• _Brief_
The answer must reproduce all of the data below exactly and contain no images.

• _Data below_
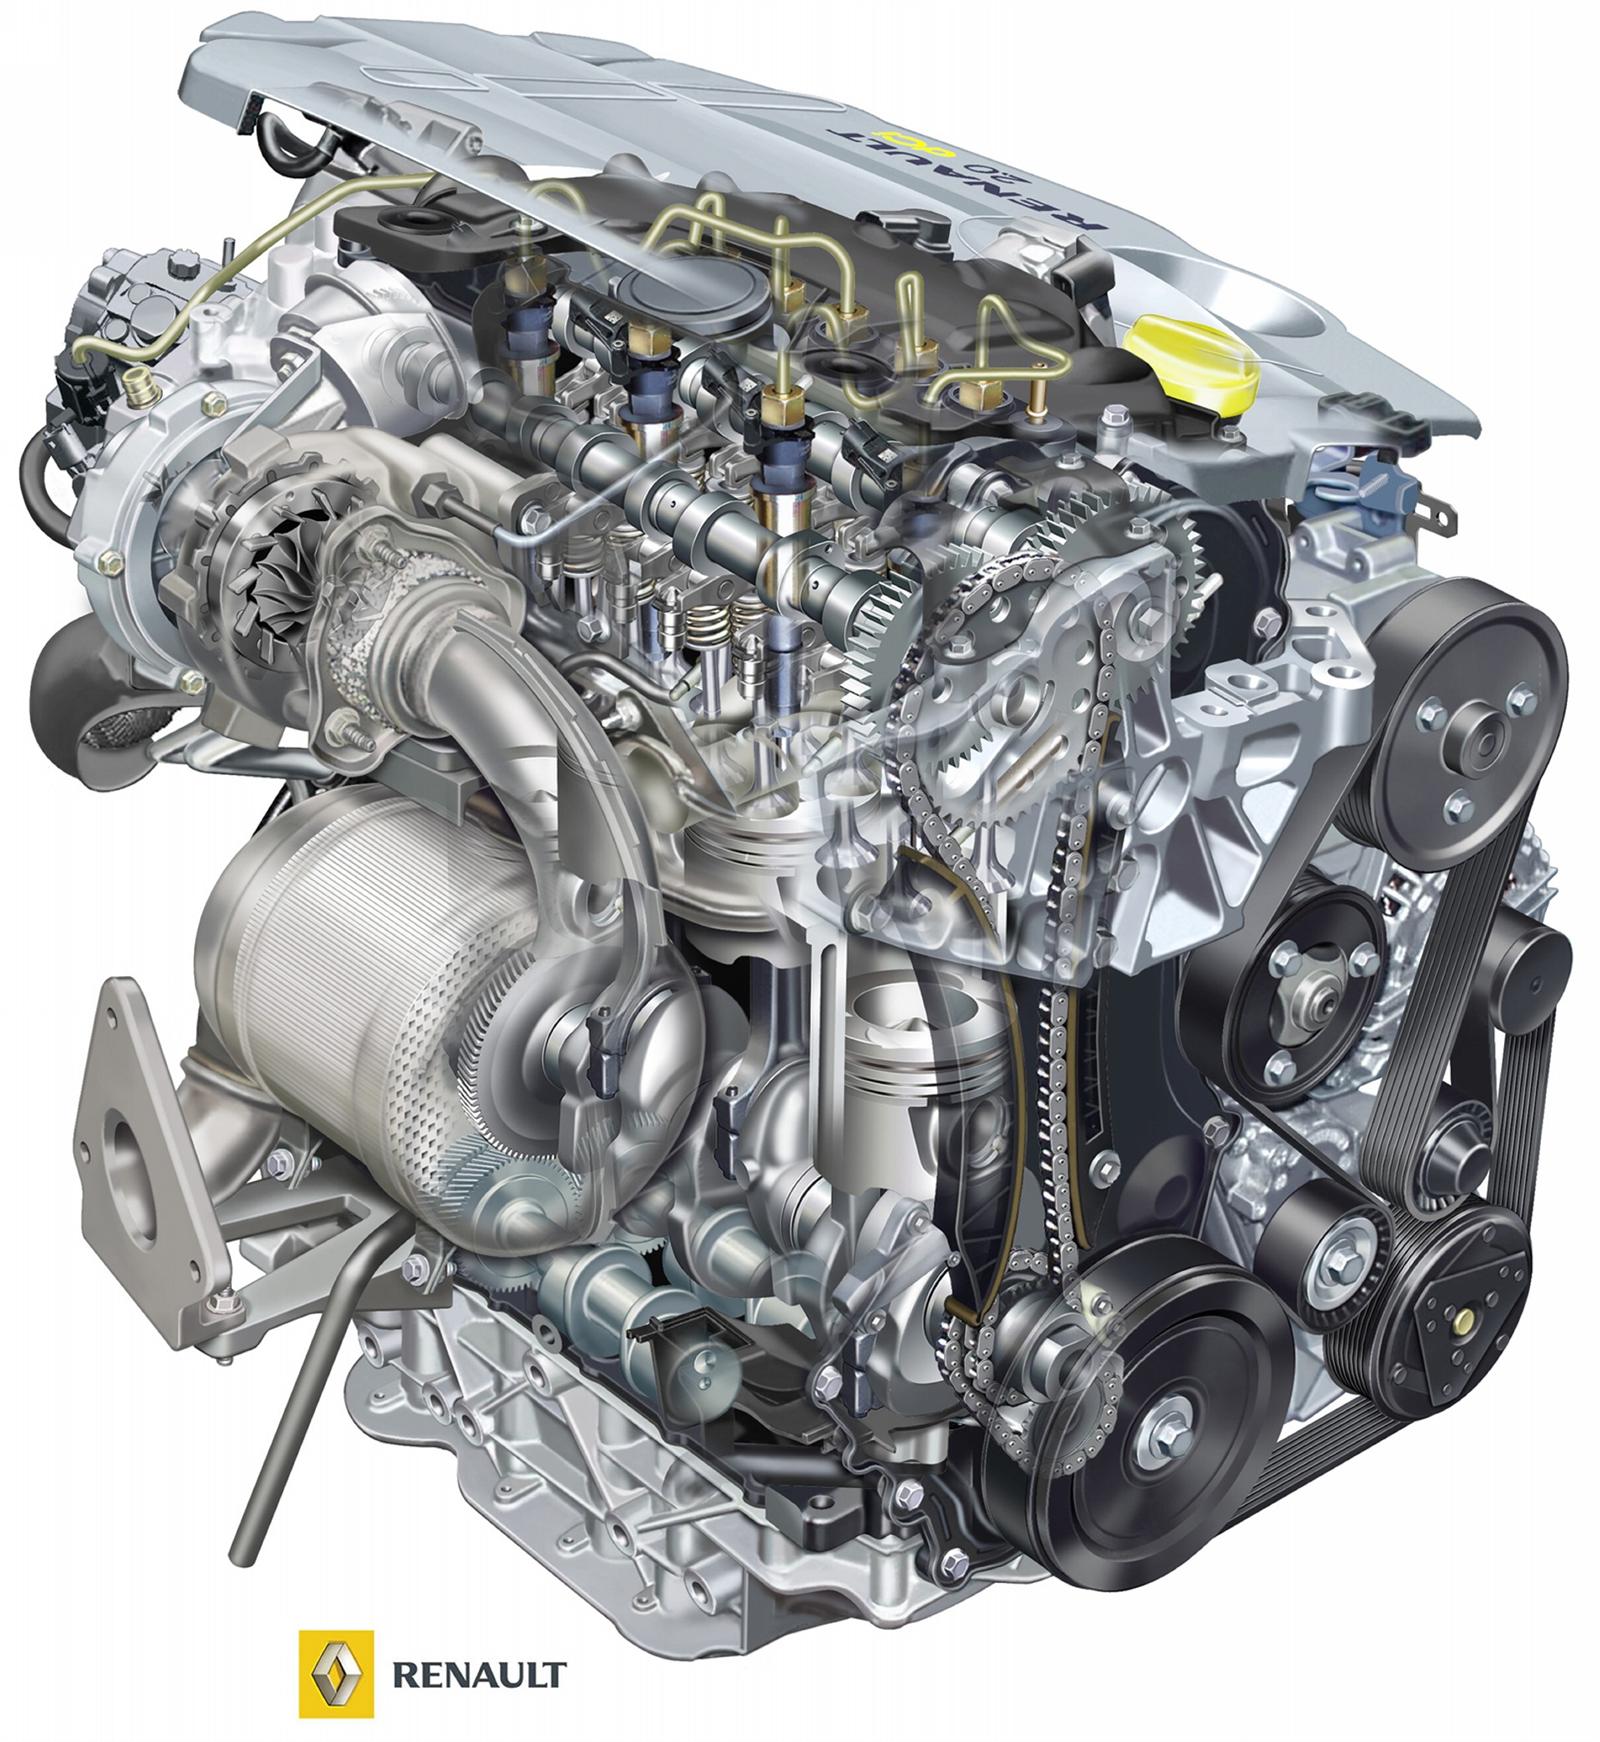 Renault 2.5. Мотор m9r 2.0 DCI. Двигатель Рено Лагуна m9r. Рено мотор 2.0 дизель. R9m 1.6 DCI 130л.с.
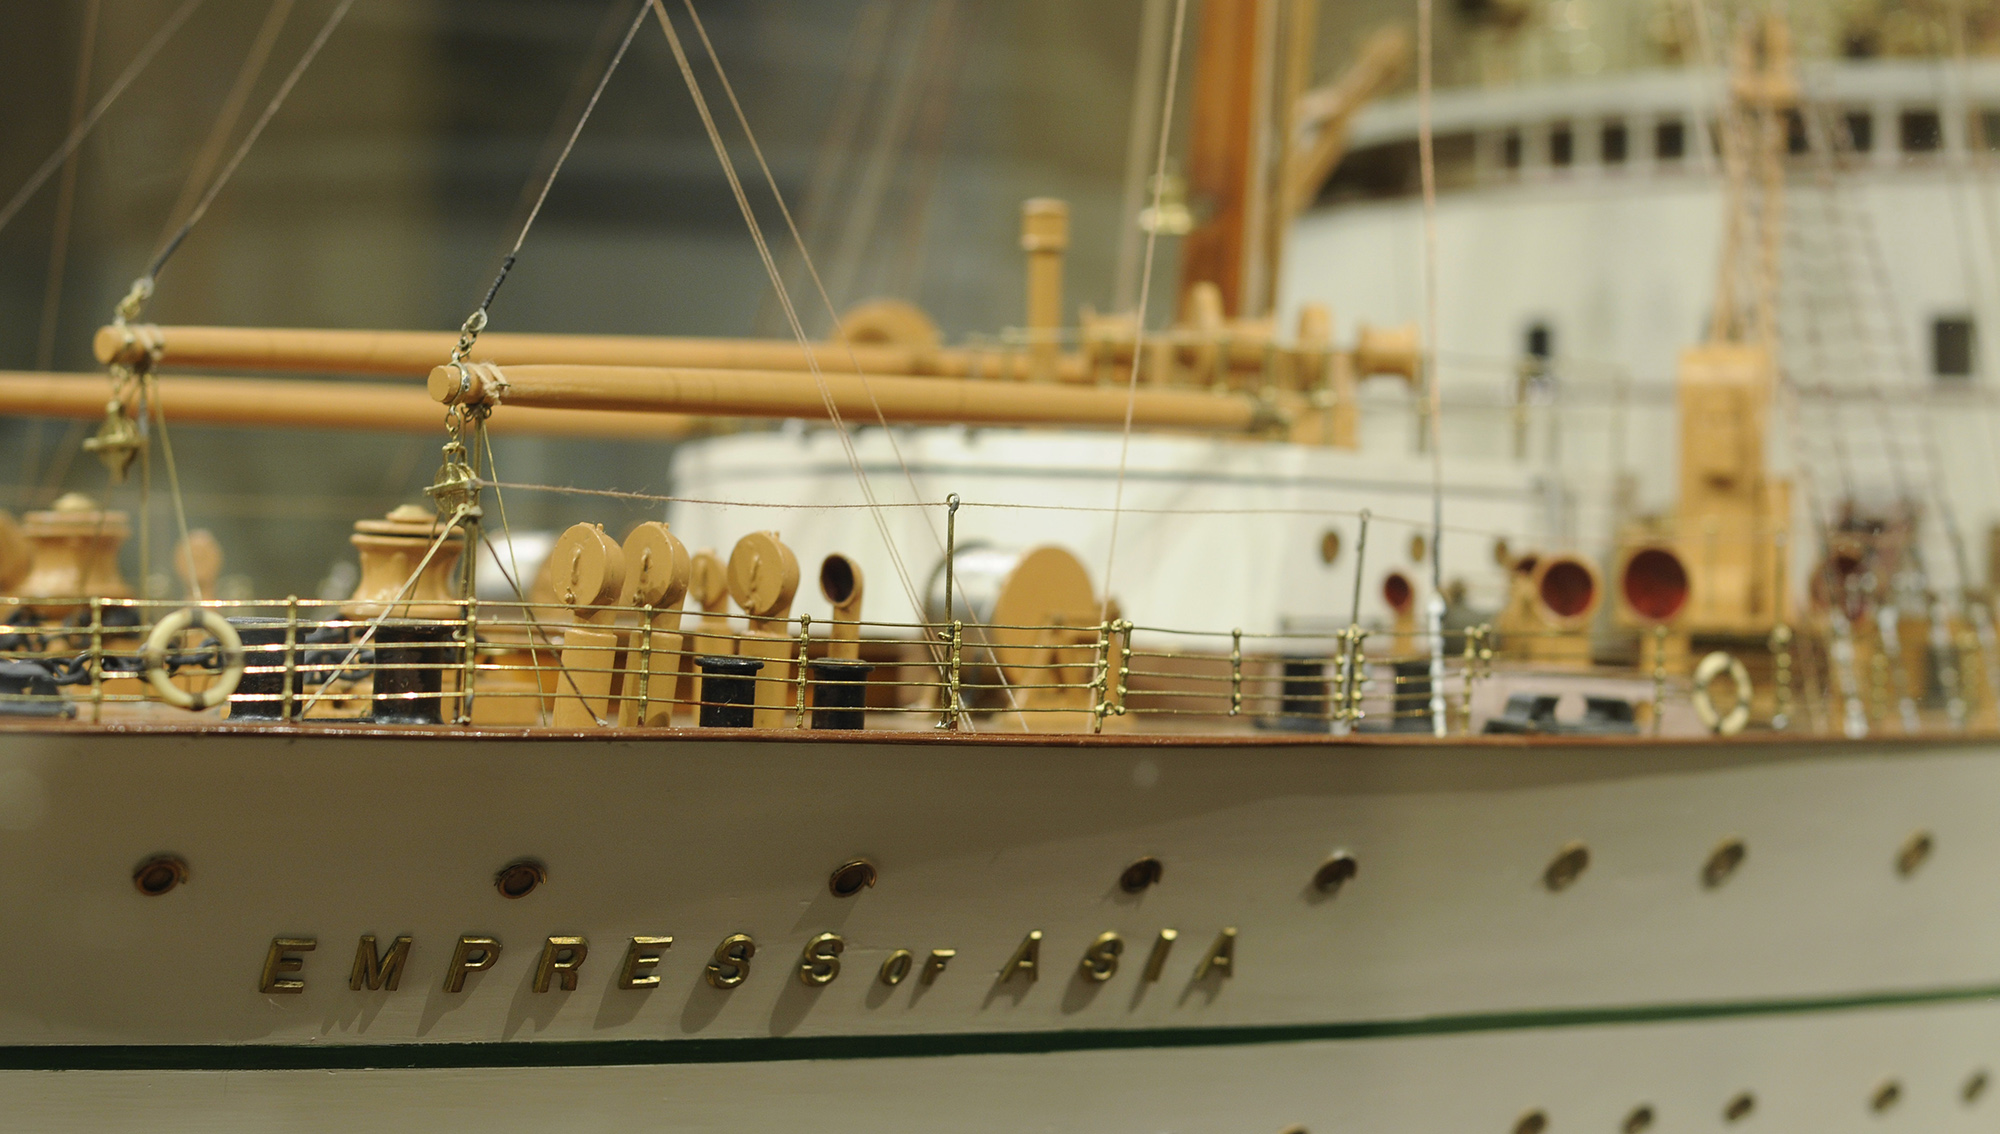 Empress of Asia model ship
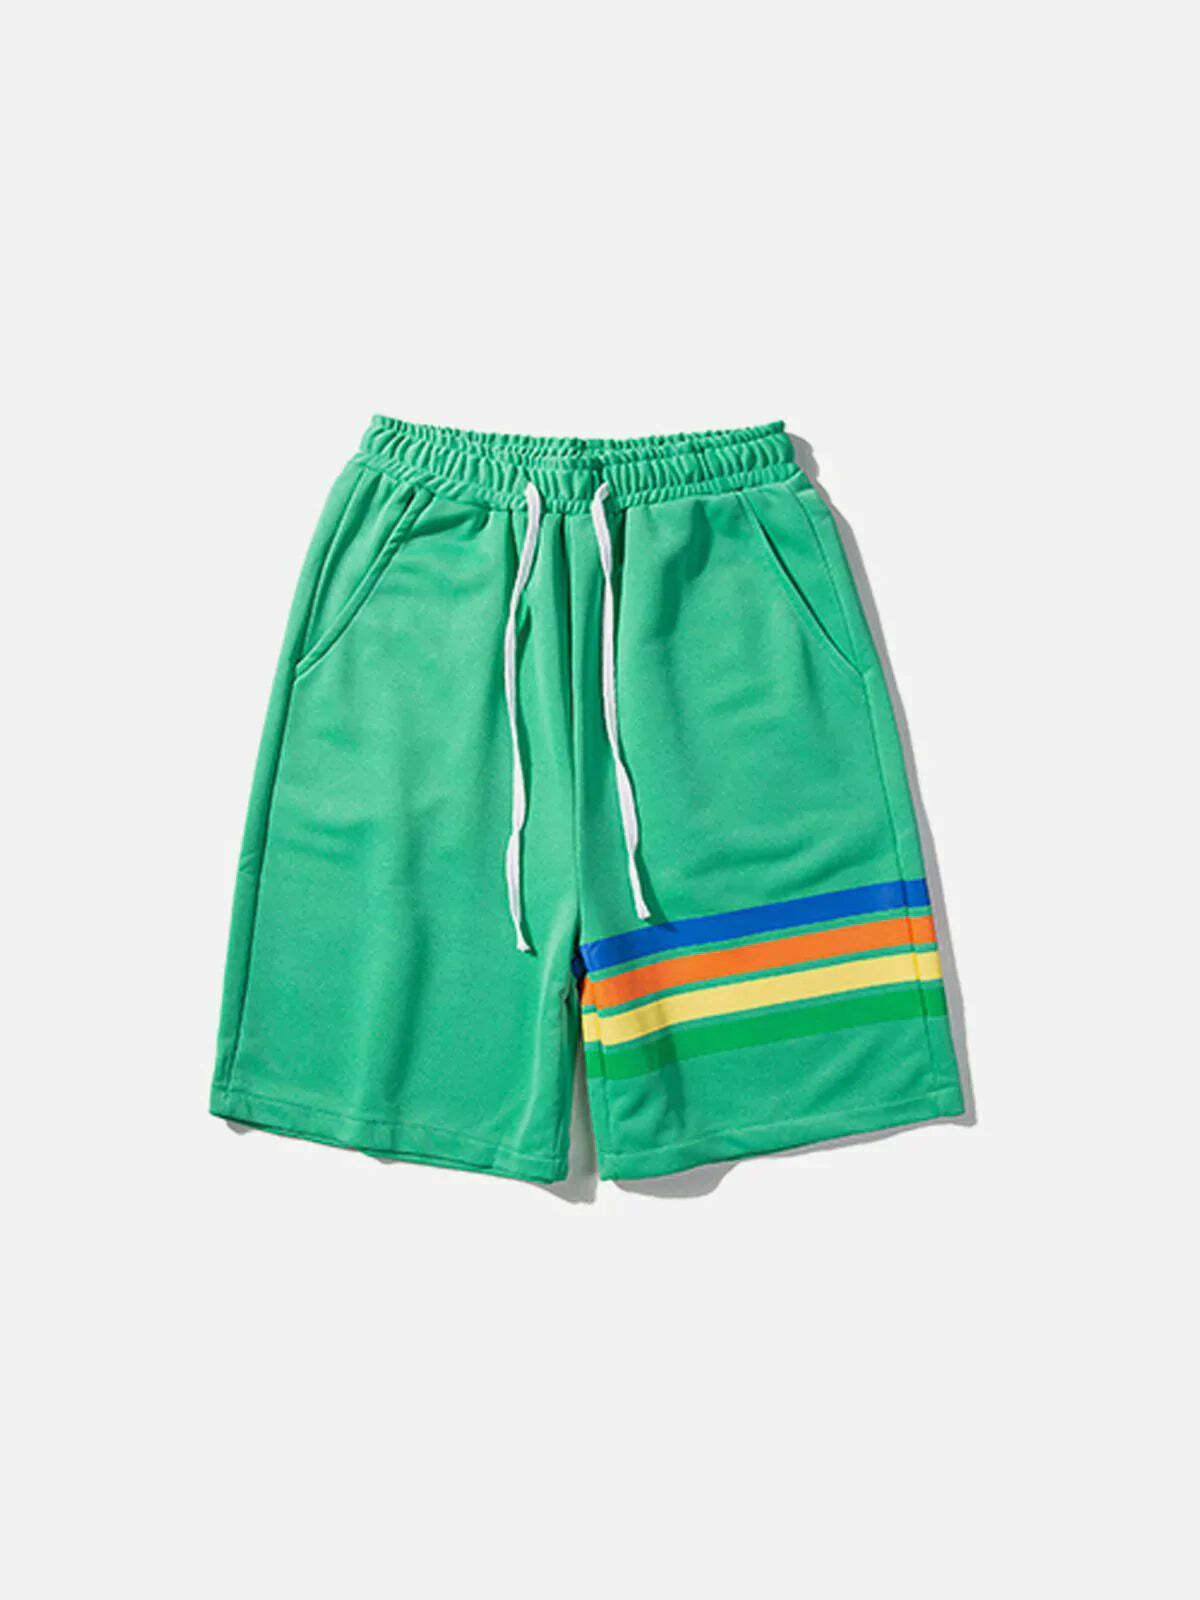 sleek striped drawstring shorts urban chic essential 4661

• _Task solution_
 Renault 2.5. Мотор m9r 2.0 DCI. Двигатель Рено Лагуна m9r. Рено мотор 2.0 дизель. R9m 1.6 DCI 130л.с.
 Empress of Asia model ship
 sleek striped drawstring shorts urban chic essential 4661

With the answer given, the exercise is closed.